LE POUVOIR DES HISTOIRES, LA RIGUEUR DE CEUX QUI LES CONSTRUISENT.
Il existe des entreprises qui se constituent par addition de métiers, au fil des opportunités. Et puis il existe des structures dont les différentes activités procèdent d’une même conviction. Otago appartient à cette seconde catégorie.
Avant d’être une maison d’édition, une agence éditoriale ou une société de production audiovisuelle, Otago est né d’une idée simple : une histoire n’existe véritablement que lorsqu’elle trouve sa forme, son public et les moyens de durer.Un texte, un livre, un documentaire, un film, une collection, une parole d’entreprise ou le récit porté par une institution relèvent de supports différents, mais posent au fond les mêmes questions : qu’avons-nous réellement à raconter ? À qui ? Sous quelle forme ? Avec quelle exigence ? Et comment transformer une matière, une intuition ou un savoir en un contenu suffisamment juste, solide et singulier pour traverser le bruit ambiant ?
C’est autour de cette culture du récit qu’Otago s’est construit.
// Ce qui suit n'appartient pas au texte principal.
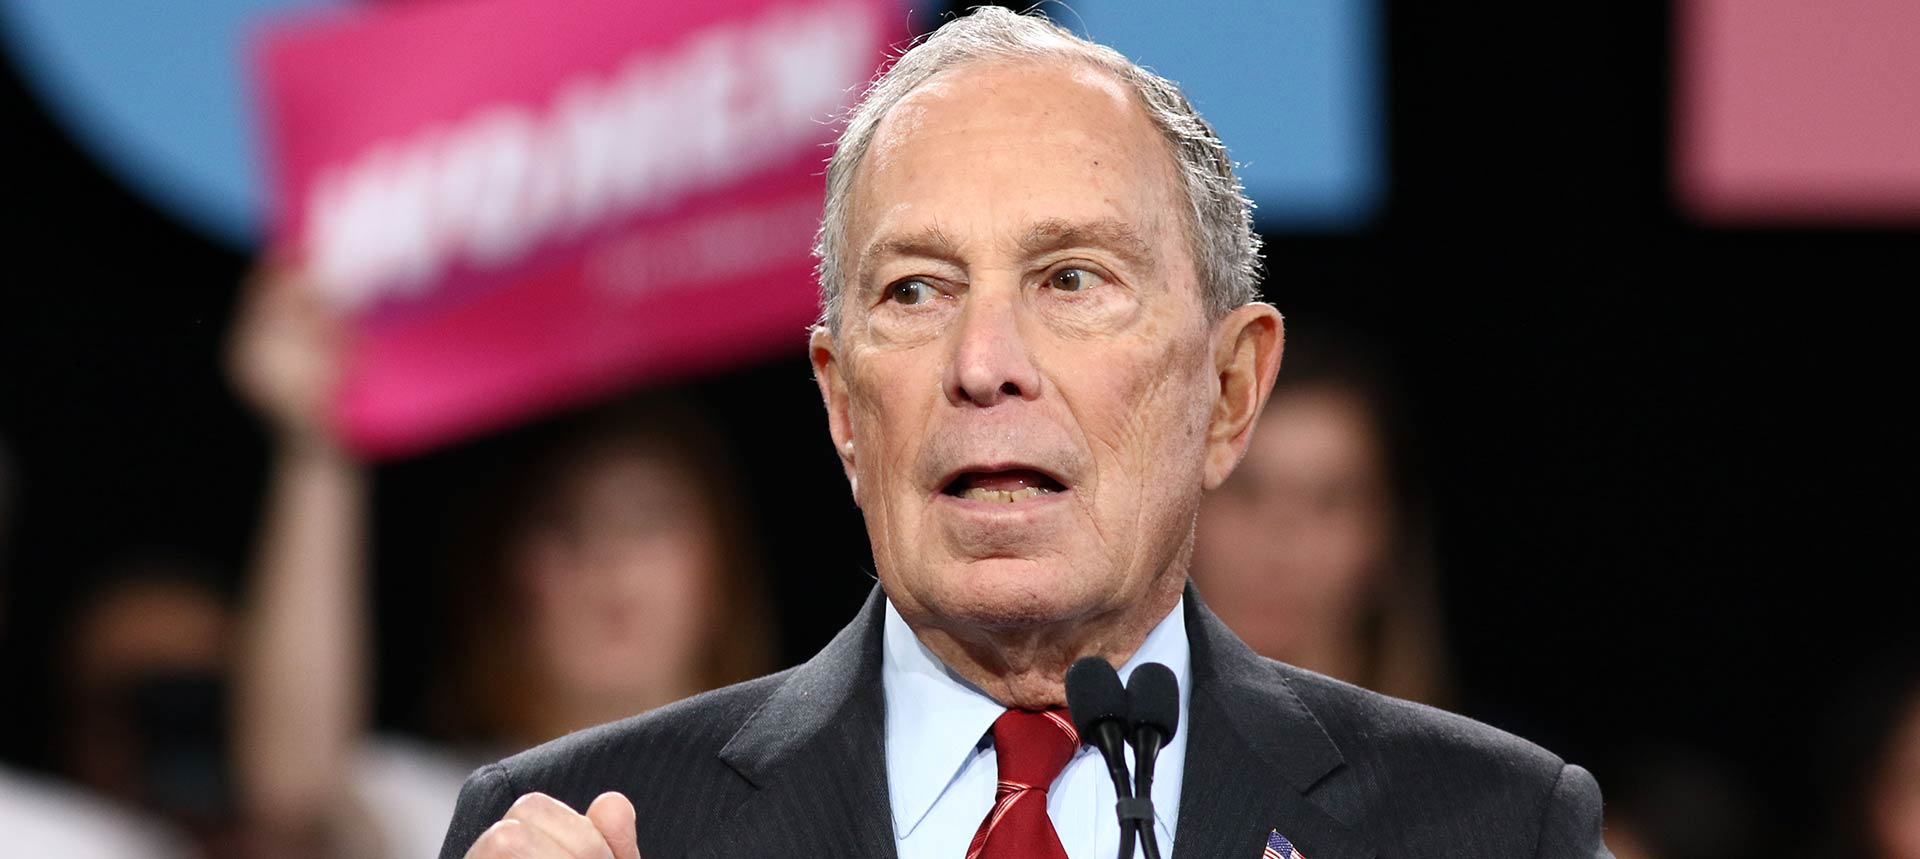 Michael Bloomberg news, Michael Bloomberg Democratic Party candidate, Michael Bloomberg presidential bid, Michael Bloomberg campaign news, Michael Bloomberg Instagram news, Michael Bloomberg Democrats, Michael Bloomberg net worth, Michael Bloomberg 2020, Democratic Party primaries, Democratic candidate 2020

La société Otago est constituée depuis 2015 ; Otago Productions vient compléter cette architecture en 2017 avec une activité dédiée à la production de films et de programmes audiovisuels. Mais ces dates disent finalement moins de choses que la continuité qui relie les deux entités : d’un côté, Otago Édition travaille la matière, le sens, l’écriture et la propriété intellectuelle ; de l’autre, Otago Productions transforme les récits en images, en expériences et en objets audiovisuels. Entre les deux circule une même méthode.
UNE PREMIÈRE CULTURE : CELLE DU TEXTE, DE L’AUTEUR ET DU TEMPS LONG
Chez Otago, tout commence probablement là : dans la conviction qu’un contenu sérieux se construit avant de se diffuser.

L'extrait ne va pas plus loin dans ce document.